11月4週(20ー24日)の日本株相場は小幅な上昇が見込まれる。堅調な世界経済と企業業績の上振れ期待から海外投資家を中心とした買いが続く。一方、為替市場ではドル高・円安が進んでおらず、システムトレードの売りで不安定な値動きとなりそうだ。

  米国では、21日に10月の中古住宅販売とシカゴ連銀全米活動指数、22日に10月の耐久財受注、11月のミシガン大学消費者マインド指数(確報)、24日に11月のマークイット製造業PMIが公表される予定。市場予想は、中古住宅販売が前月比0.2%増(前回0.7%増)、耐久財受注は0.3%増(同2.0%増)と弱含み。急激に悪化しなければ世界経済をけん引する米国の堅調な景況は続くと受け止められ、相場を支える要因になりそうだ。23日は感謝祭で祝日となり金融市場は休場。

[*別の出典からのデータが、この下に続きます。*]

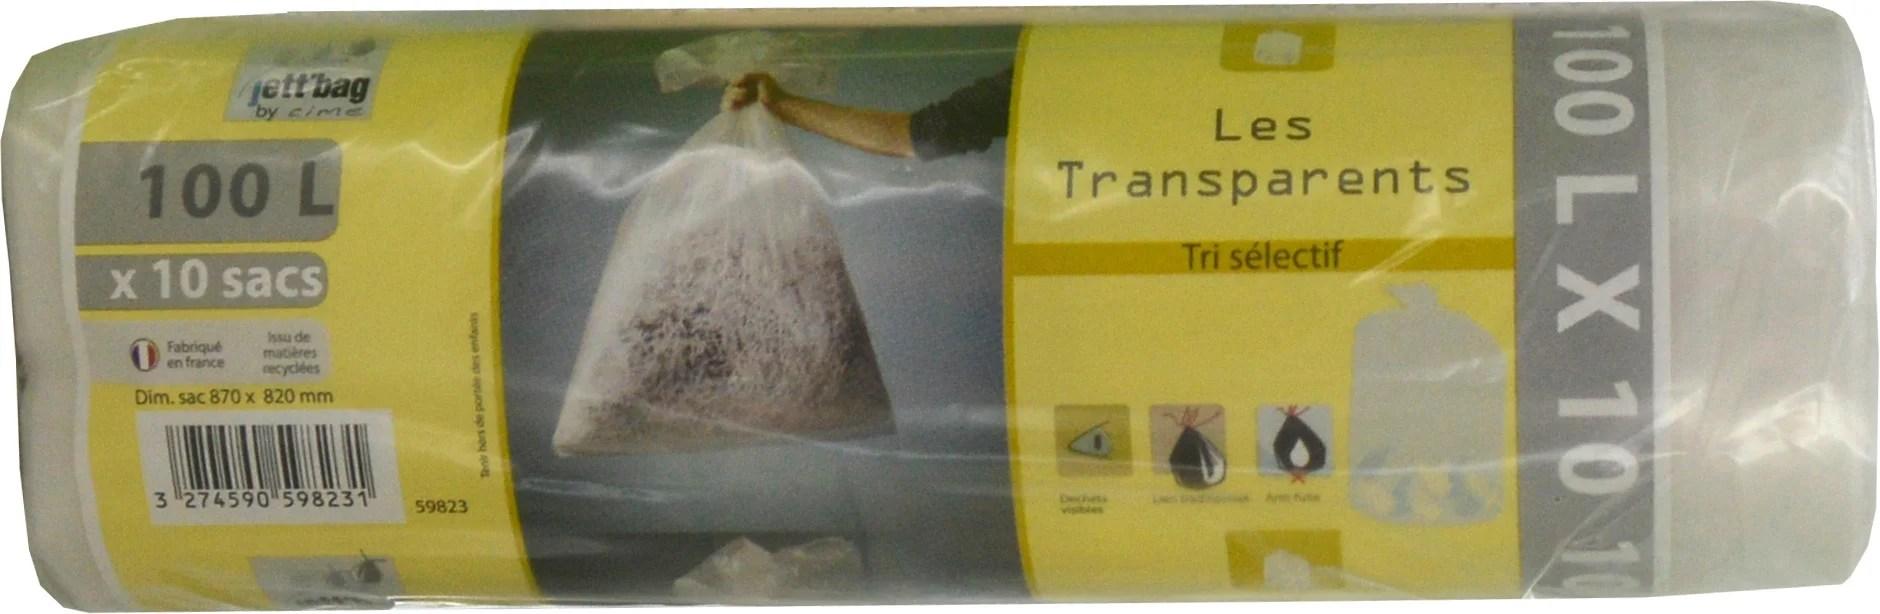 Sac A Dechet Transparent 100 L Leroy Merlin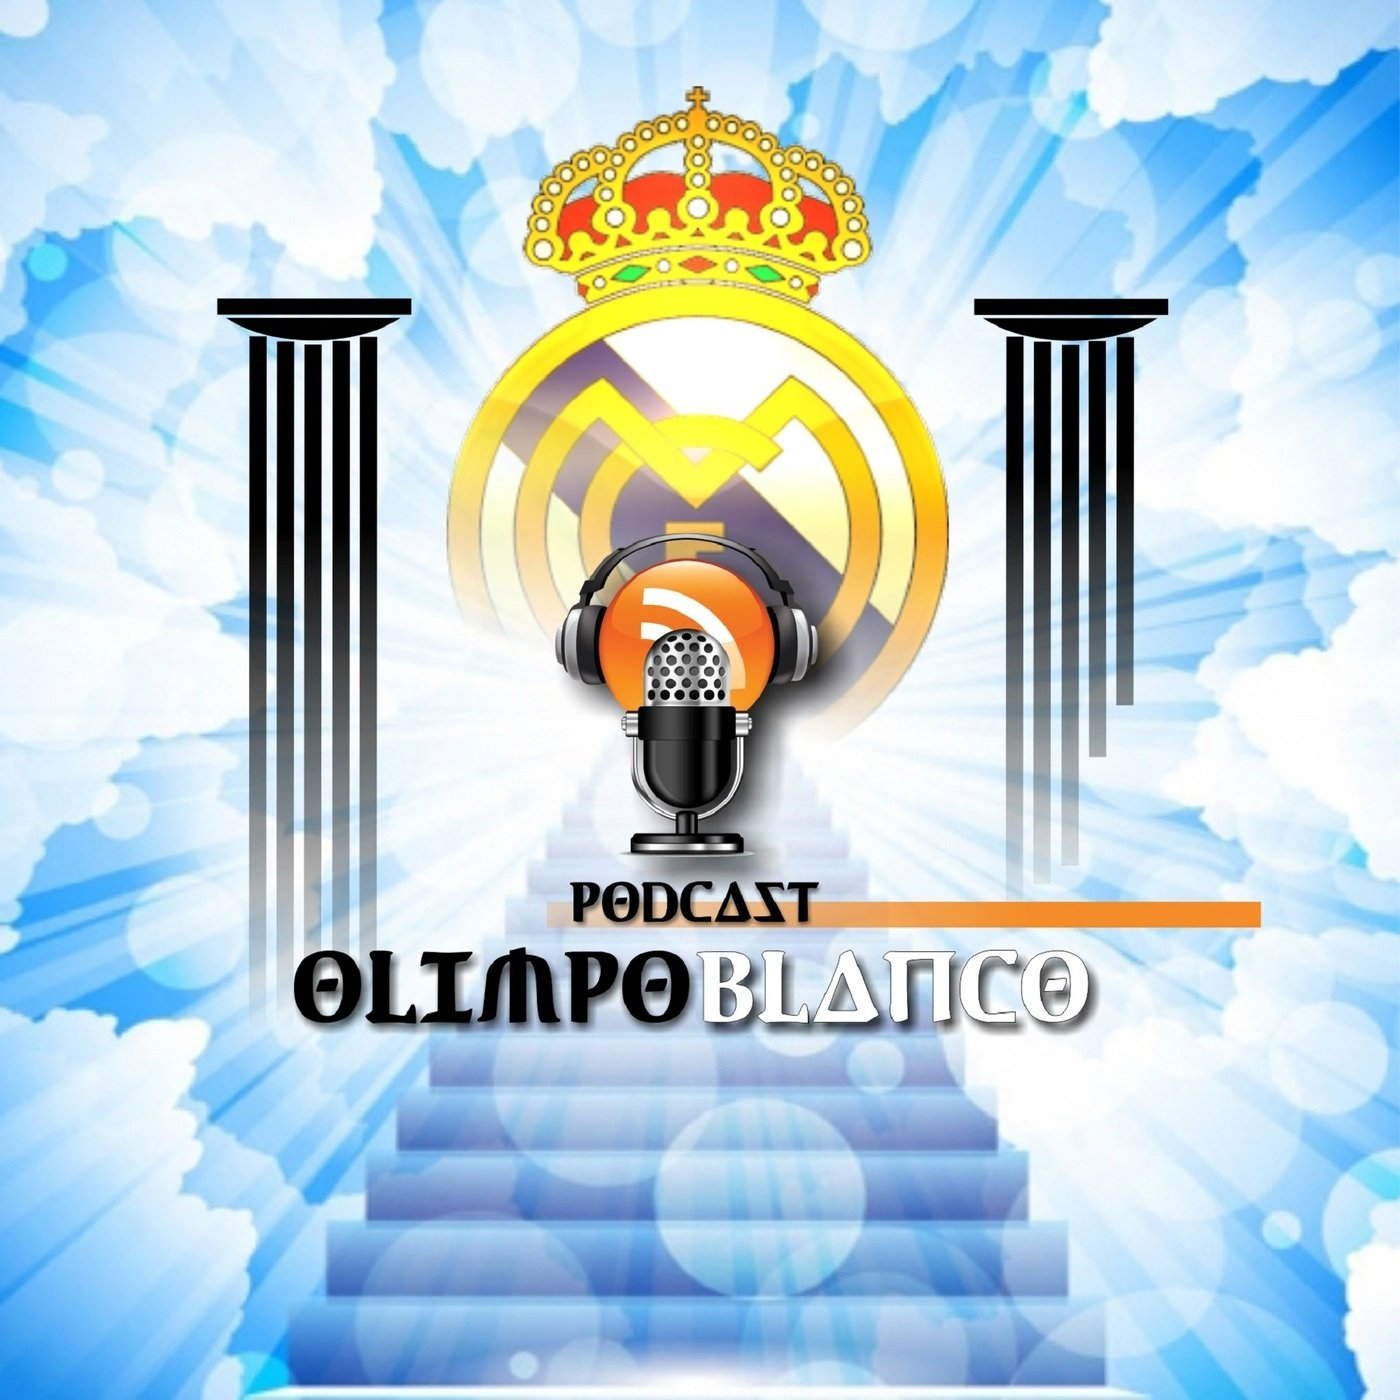 <![CDATA[Olimpo Blanco]]>

  国内では20日に10月の貿易収支が発表される。市場予想は3300億円の黒字(前回6702億円の黒字)で、5カ月連続の黒字が見込まれている。野村証券は供給が需要に追い付いていない新型スマートフォン用の部品が輸出を支えていると指摘。長いテーマとしては先進国の設備投資需要が旺盛になっており、これまで抑制されてきた更新需要が顕在化し、グローバル景気や日本の輸出の伸びを支えるとみる。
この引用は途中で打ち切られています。